Белль подбежала к Филиппу, стараясь держаться подальше от передних копыт. Она попыталась успокоить ударившееся в панику животное, но страх коня ощущался почти физически и передался ей. Обычно мало что могло вывести спокойного, покладистого коня из себя. Филипп происходил из древней породы боевых скакунов, которых разводили ради их размеров, выносливости и, главное, спокойствия, которое они проявляли в бою.

К тому же Филипп провел большую часть жизни рядом с изобретениями Мориса, а те частенько взрывались. Почти ничто не могло отвлечь коня от дремы или вкусной охапки клевера.

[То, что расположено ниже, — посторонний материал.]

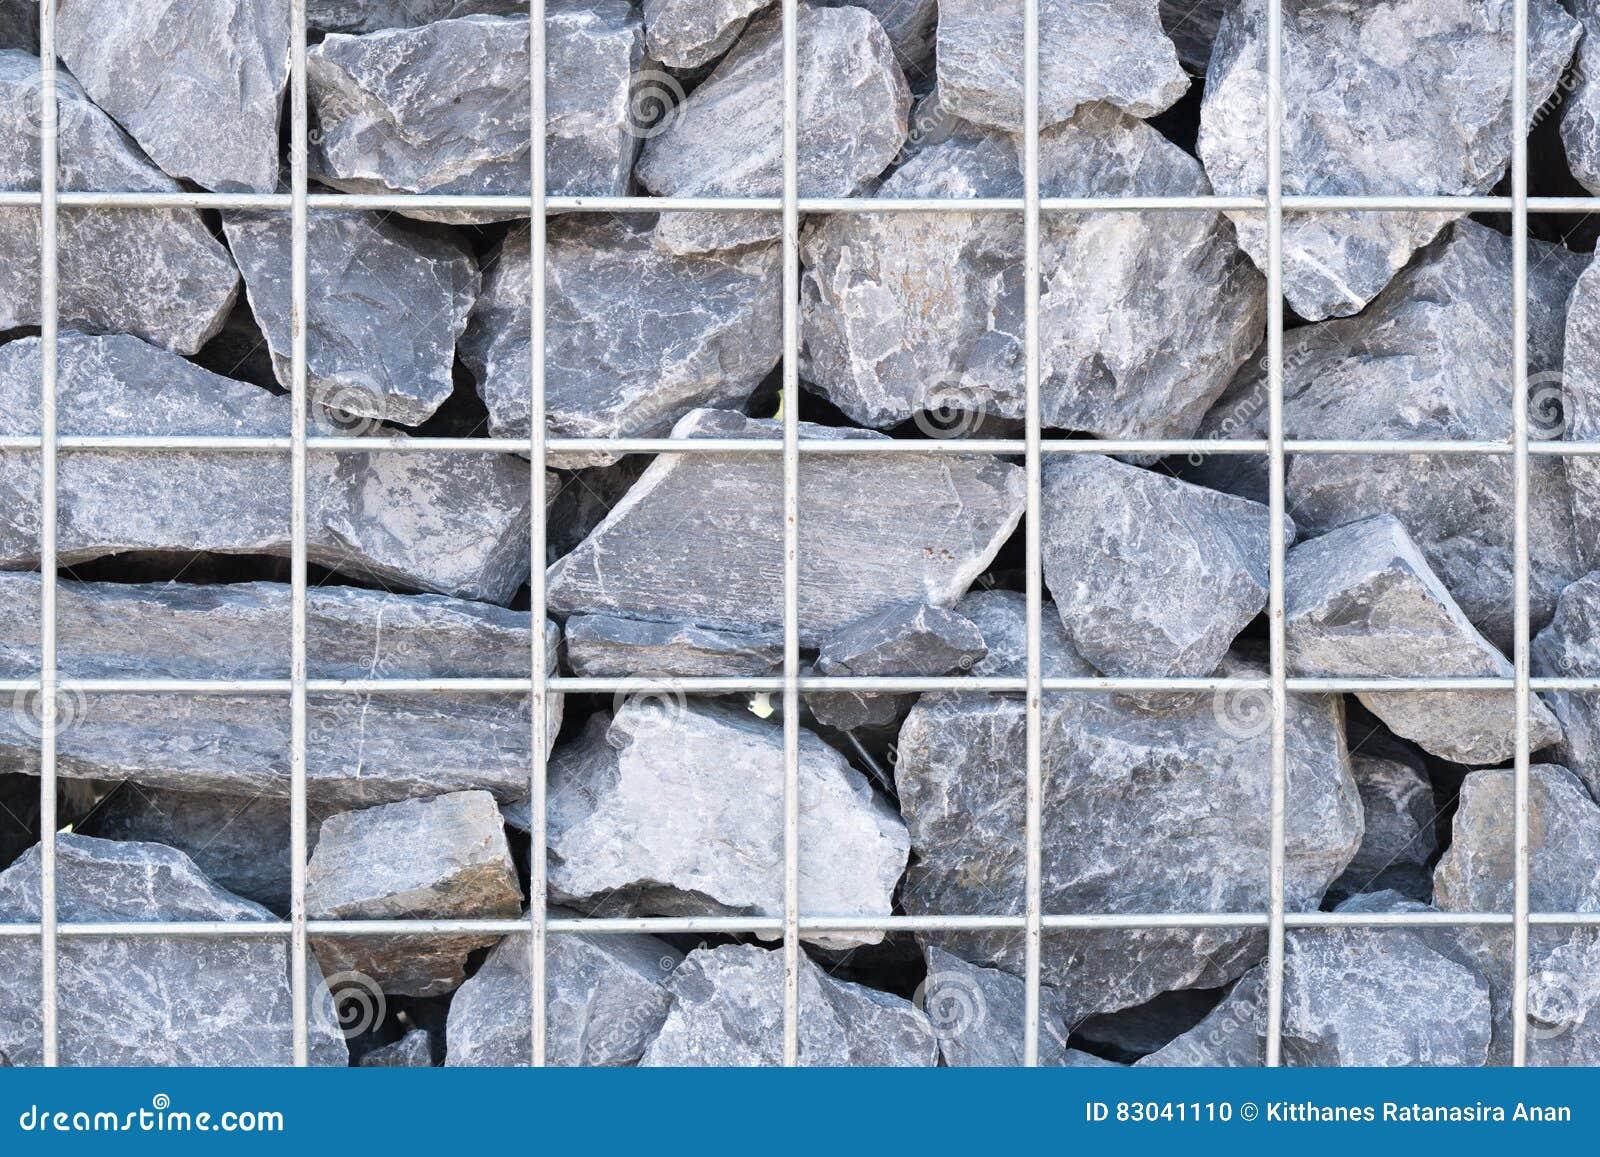 mur de gabion stock images download 204 photos. Black Bedroom Furniture Sets. Home Design Ideas

И вот он встает на дыбы, всхрапывает и таращит глаза, словно за ним гналась стая волков.

– Где папа, Филипп? Ты довез его до ярмарки? Что случилось?

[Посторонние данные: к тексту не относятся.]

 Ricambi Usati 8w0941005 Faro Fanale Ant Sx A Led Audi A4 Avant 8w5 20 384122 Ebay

Приспособление для рубки дров по‑прежнему находилось в повозке и на первый взгляд особо не пострадало, хотя некоторых мелких деталей не хватало. Если бы речь шла об ограблении, воры наверняка забрали бы то, что показалось им ценным, включая отливающую золотом блестящую решетку. Белль осторожно выпрягла коня из оглоблей и отодвинула повозку, не выпуская из рук вожжи.

– Ты должен отвезти меня к нему, Филипп, – сказала она, ловко вспрыгивая на широкую конскую спину. Она с силой натянула вожжи, вынуждая коня повернуть голову к лесу.

Филипп поначалу упрямился и дергал головой, не желая слушаться. Когда он наконец сдался, то устало вздохнул, как будто понимая, что за Морисом все‑таки нужно вернуться.

До сего дня Белль случалось ездить по дороге через лес раз или два, но прежде она никогда не была одна и не забиралась так далеко. Добравшись до развилки, девушка хотела было направить Филиппа налево, по дороге, ведущей в соседний город, но конь захрапел и потянул вожжи направо, к старой, заросшей травой дороге, которая явно вела к менее посещаемым местам.

Из‑за бури небо уже давно потемнело, к тому же день клонился к вечеру, по обеим сторонам дороги рос густой лес, казалось, ветки тянутся к путникам, словно чудовищные лапы. Несколько белых мотыльков, очевидно, не желавших дожидаться ночи и покинувших свои дневные убежища пораньше, запорхали перед лицом Белль, как будто это фонарь.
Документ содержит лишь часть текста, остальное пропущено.